Each line of the data below goes into the copy exactly; pictures do not.

- _Collected material_
----

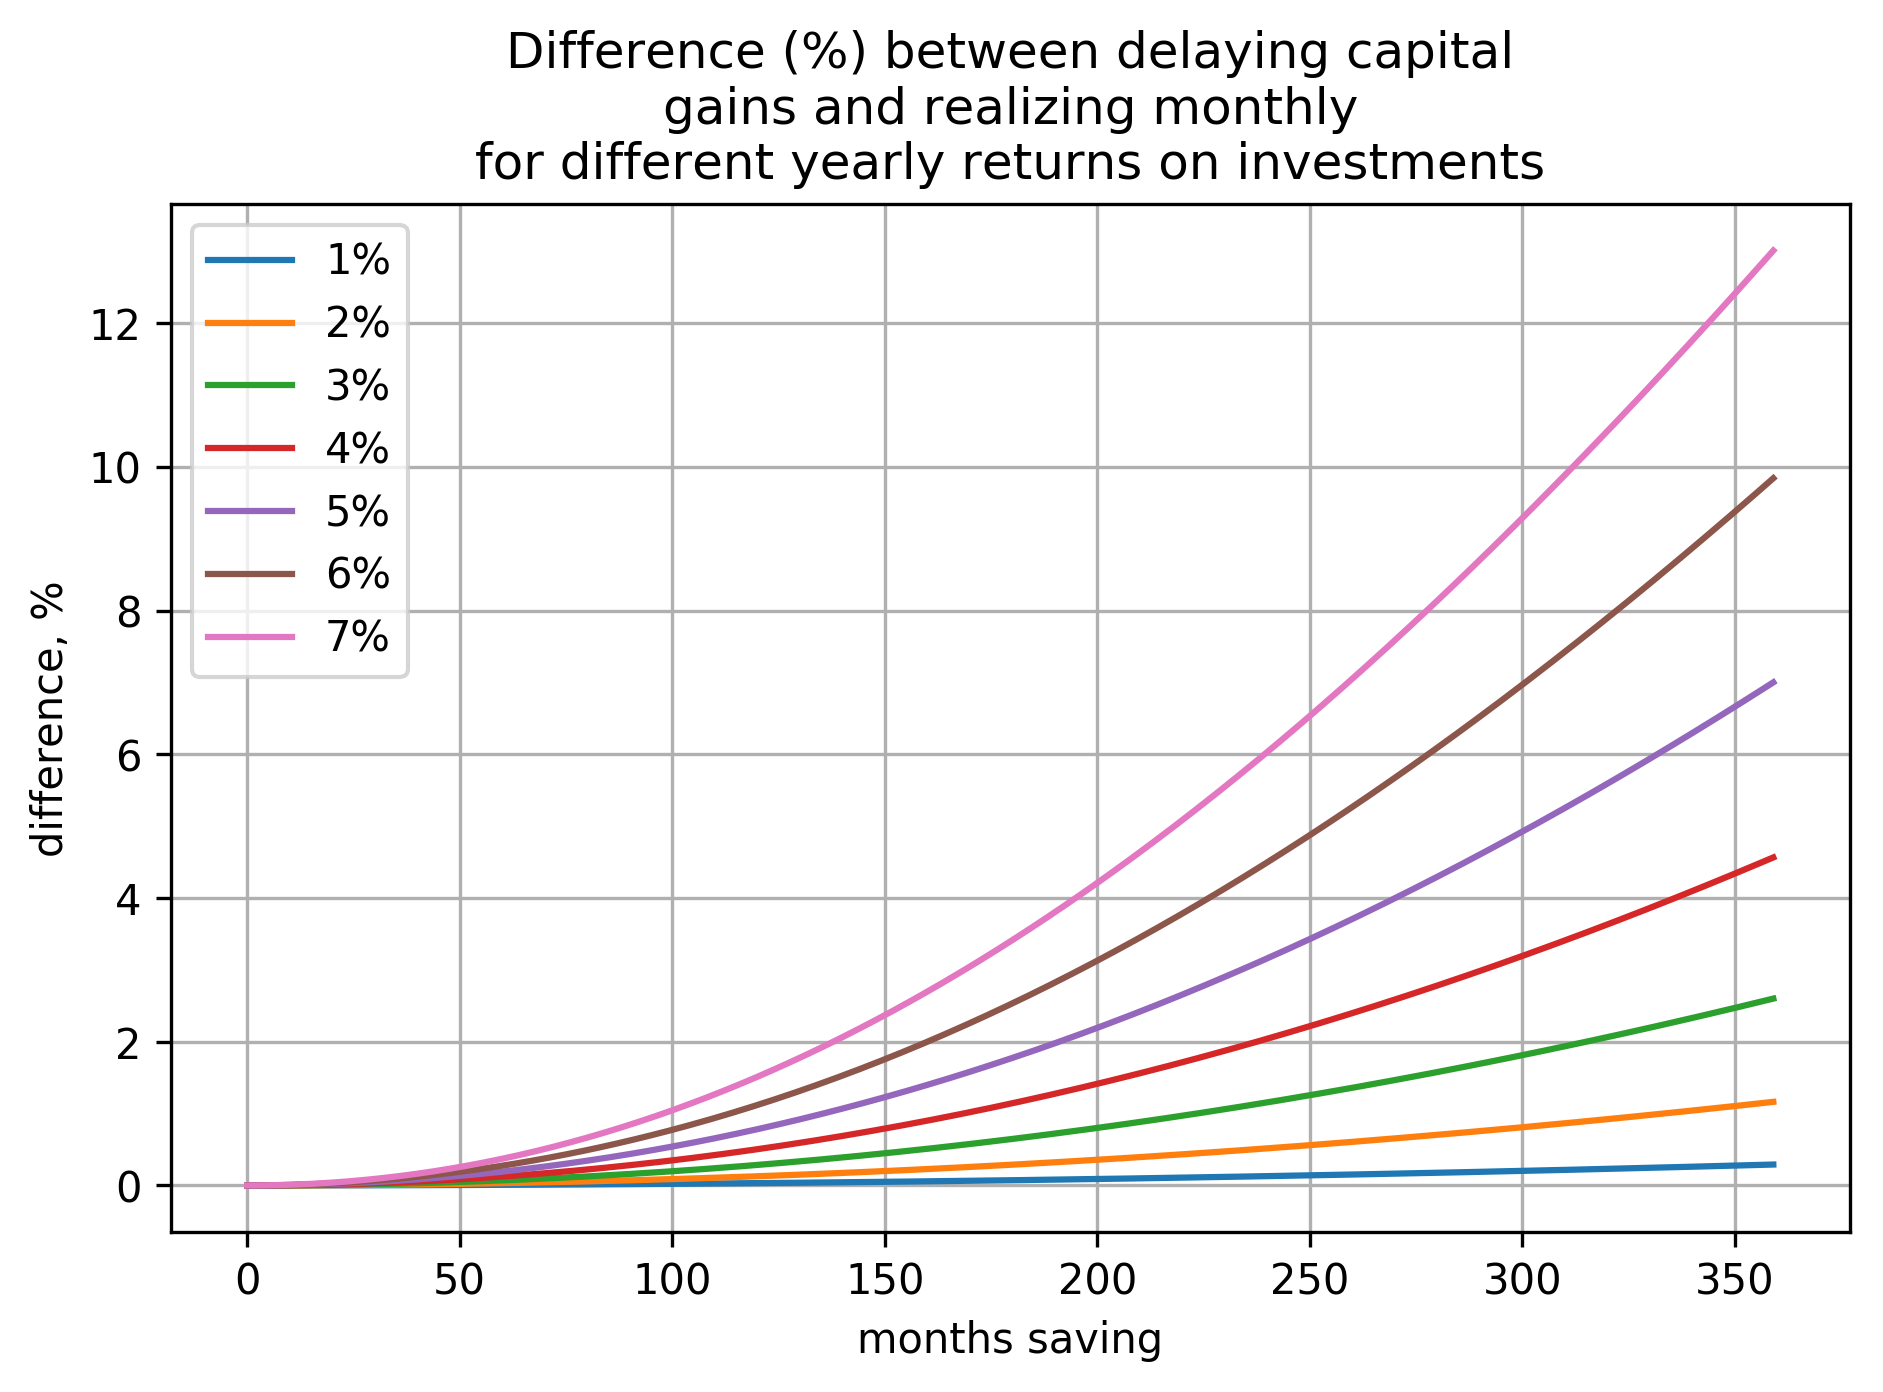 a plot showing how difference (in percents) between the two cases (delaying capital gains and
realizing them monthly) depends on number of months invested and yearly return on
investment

----

- _Response area_
 a plot showing how difference (in percents) between the two cases (delaying capital gains and
realizing them monthly) depends on number of months invested and yearly return on
investment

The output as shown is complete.